According to BI, the market share of Islamic banking will be 5 percent higher than the total market of conventional banking in 2015. At the end of 2011, BI is optimistic that the total market share will reach above 3.6-3.7 percent. It will be realized in line with the implementation of the ASEAN community. Why? Because there will be more markets and Islamic banking products. At the same time, the public will pay more attention to Islamic banking, which is able to offer more interesting products and services.

But actually, Islamic banking remains in need of a tonic in order to realize its dreams. How should Islamic banking proceed in the near future?

First: big capital. The capital adequacy ratio (CAR) reached 16.25 percent in December 2010 and then increased to 19.86 percent in April 2011. In short, the CAR in Islamic banking is higher than the CAR in conventional banking, which achieved 17.76 percent in the same period.

In principle, capital should serve as a shield to be able to mitigate any potential risks in banking products, services and business activities. By having big capital, Islamic banking will be stronger to compete with conventional banking in financing.

Without strong capital, Islamic banking may be crushed by both ICB and IBU supported by foreign banks, such as ICB Maybank Indonesia Syariah, BCA Syariah, IBU CIMB Niaga, HSBC Bank International Ltd. and OCBC NISP. Newcomer Bank Kesawan, which operates under the auspices of the Qatar National Bank, will be a strong competitor in Islamic banking. Another bank from Malaysia, Affin Holdings Bhd, will embrace Bank Ina Perdana to be an Islamic bank.

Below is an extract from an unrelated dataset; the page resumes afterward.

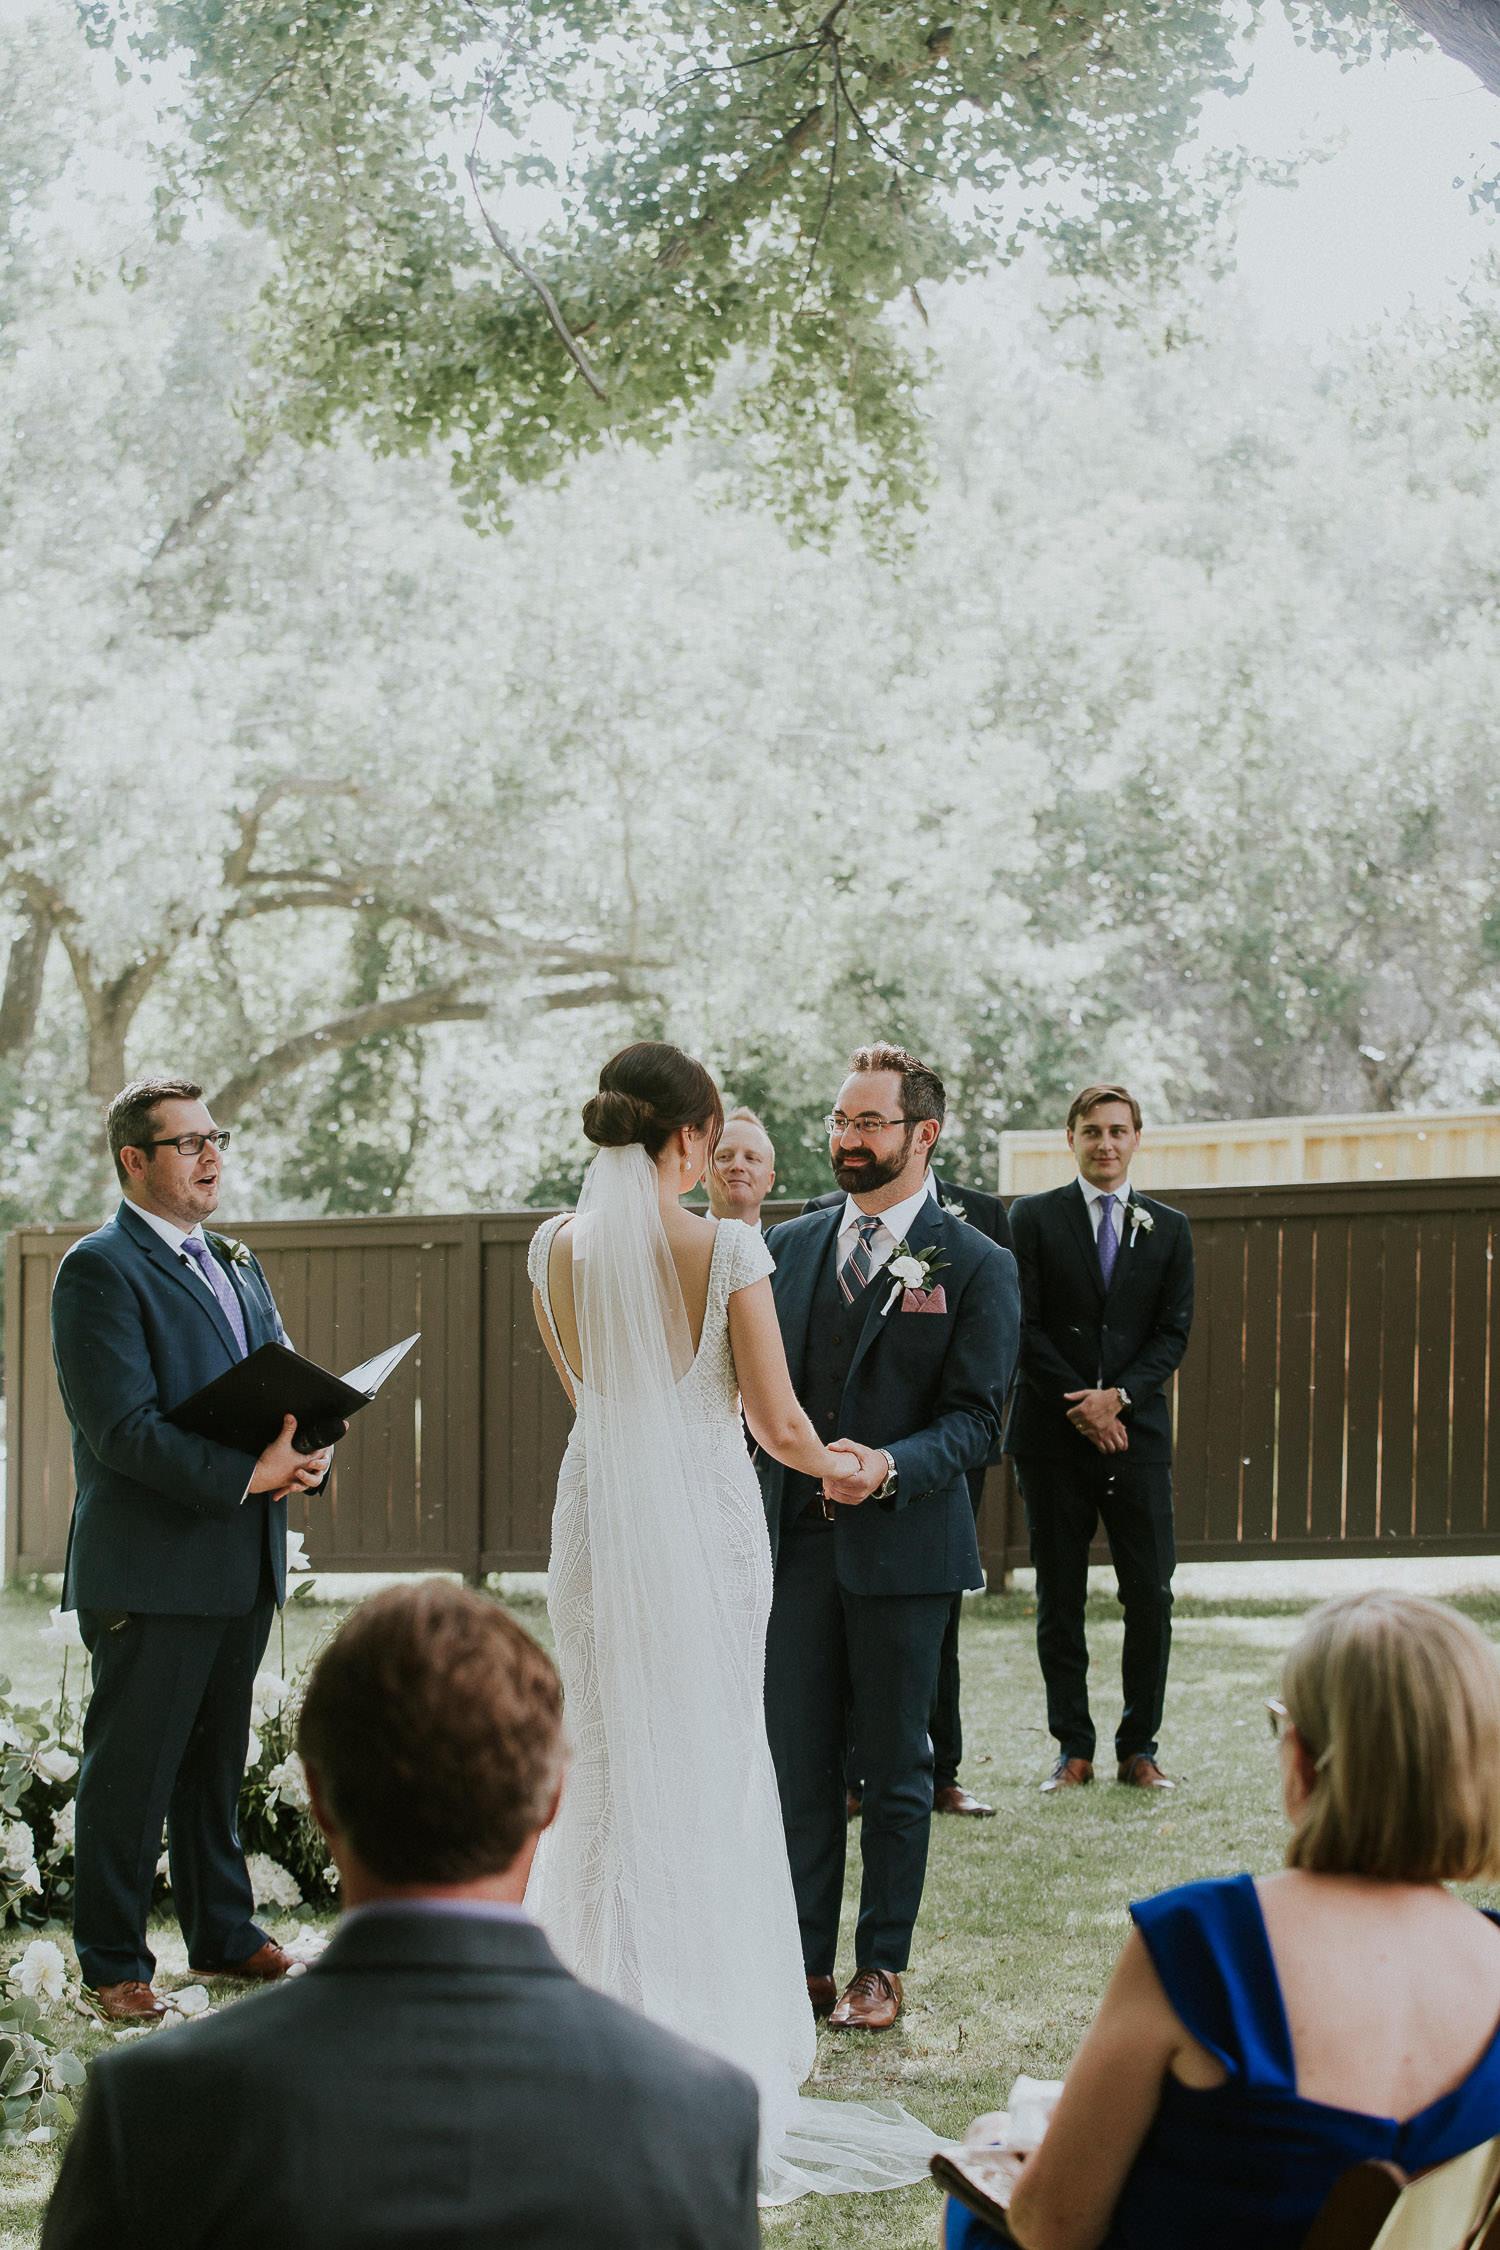 summer-backyard-wedding-in-alberta-sarah-pukin-0088

Second: human capital and information technology (IT). It must be acknowledged that Islamic banking lacks capable human capital. BI said that Islamic banking needs 40,000 people for various positions. In my opinion, it will be more efficient and effective to recruit human capital from conventional banking rather than educate newcomers. The latter option would be more costly and would need much more time, as experience cannot be bought.

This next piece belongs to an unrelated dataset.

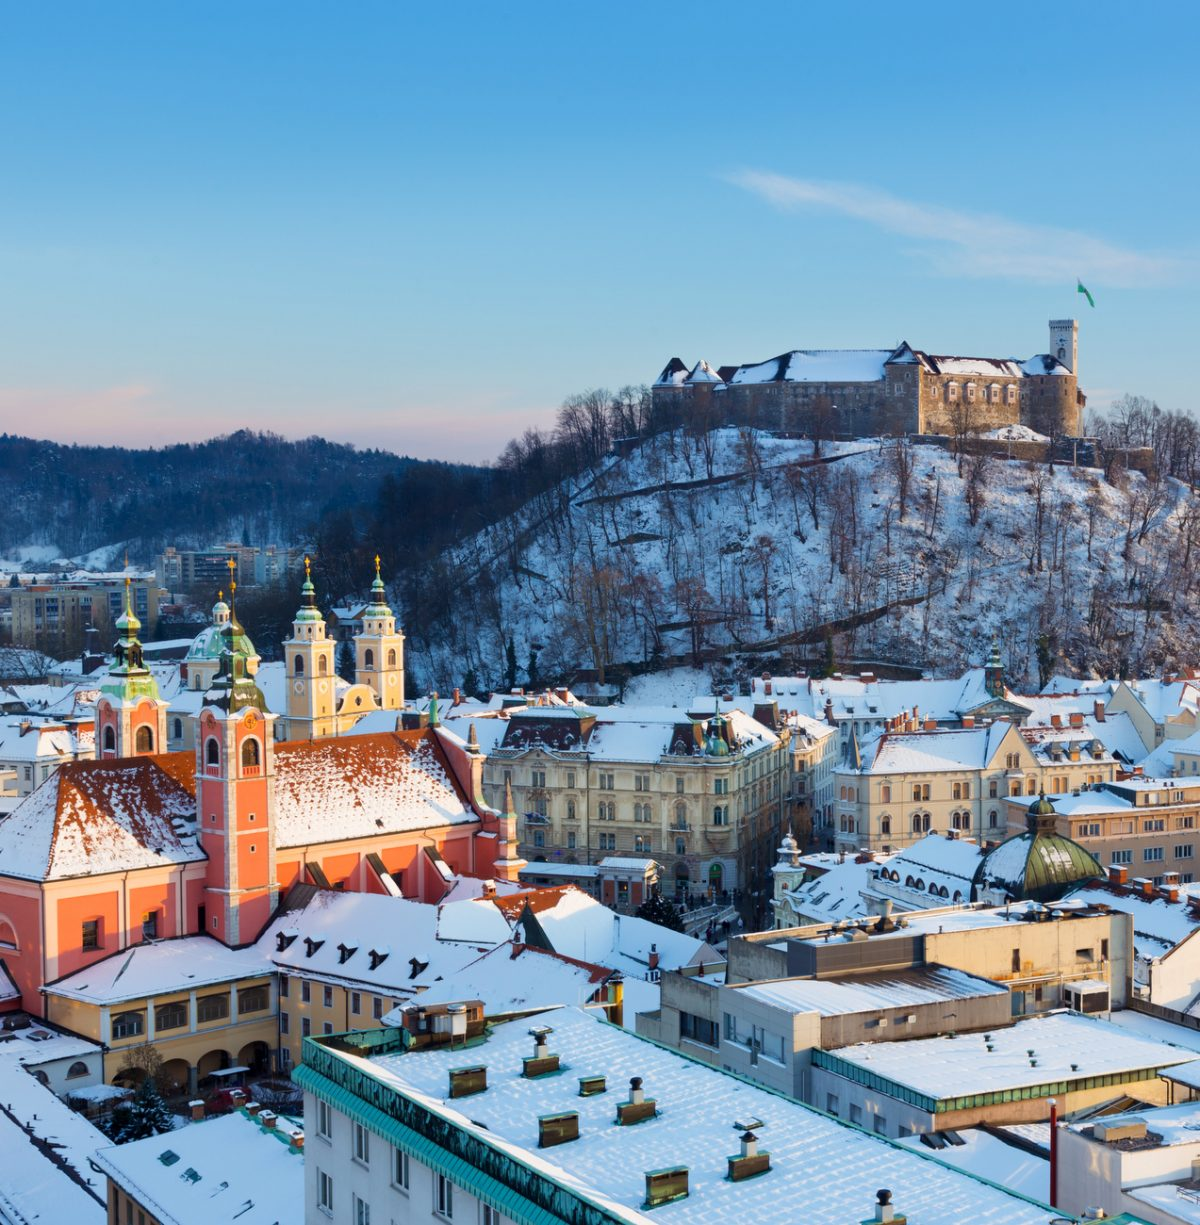 Winter vacation ideas in Ljubljana

One of the necessary strategic steps is to send human capital to Malaysia to learn Islamic banking and IT from Malaysian Islamic banks, which are mature, experienced and among market leaders. Human capital should learn about the finance environment and market analysis, marketing, financing and product development to be able to succeed among fierce Islamic banking competition.

Third: risk management. Human capital should also be enriched with risk management. Please remember that Islamic banking faces various potential risks. Normally, these potential risks in the banking world are more likely to emanate from human capital or “people risks” than from processes and IT risks. In other words, human capital should acquire risk management certificates.

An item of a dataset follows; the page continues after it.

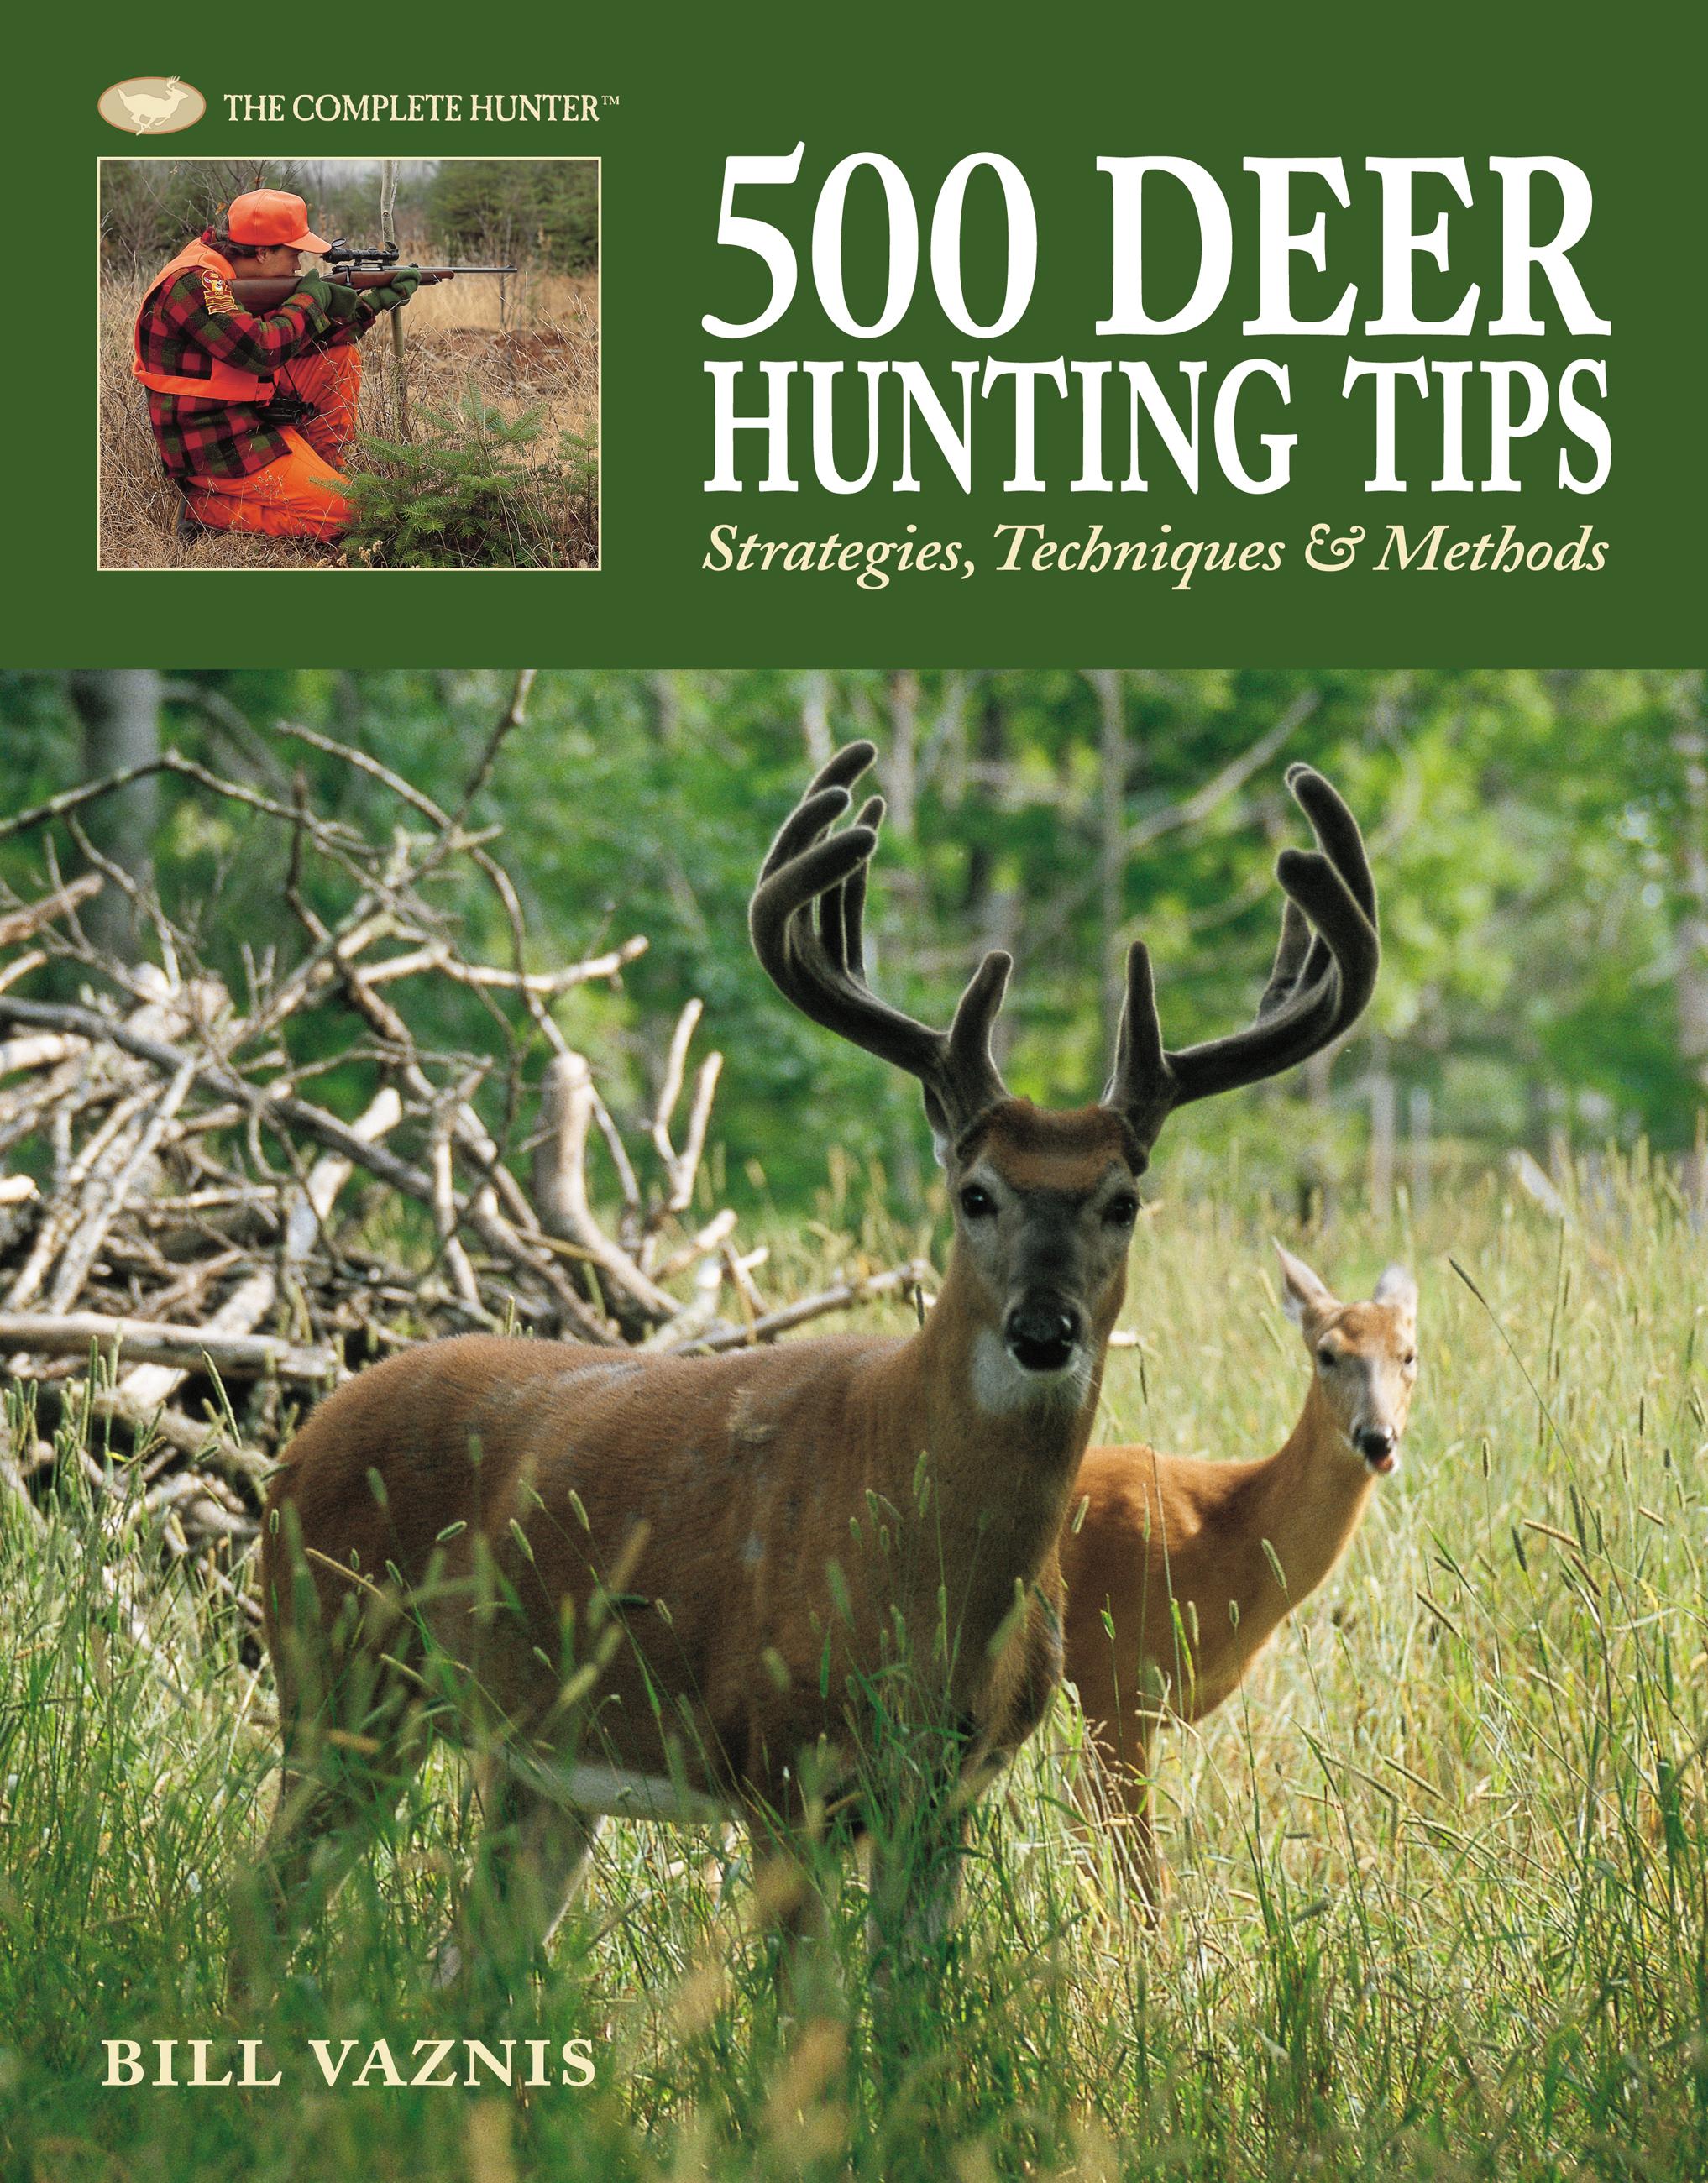 500 Deer Hunting Tips Strategies, Techniques & Methods

This step will enhance human capital to sense any potential risks, which may lead to banking cases. In short, risk management is an urgent and important instrument to anticipate and mitigate any banking business risks.

Fourth: Islamic banking architecture. It is hoped that BI will complete its Islamic banking architecture. It will be a blueprint and road map for Islamic banking, which should be comprehensive and act as a directive for five to 10 years to come.

Thanks to these various tonics, the dream of Islamic banking to increase market share and to compete with conventional banking will be realized more swiftly. It will push national economic growth higher than the 6.5 percent recorded during the second quarter in 2011.

Finally, it will minimize unemployment, which reached 6.80 percent or 8.12 million people in February 2011, down from 7.14 percent or 8.32 million people in August 2010.

The writer is a former assistant vice president of Bank BNI.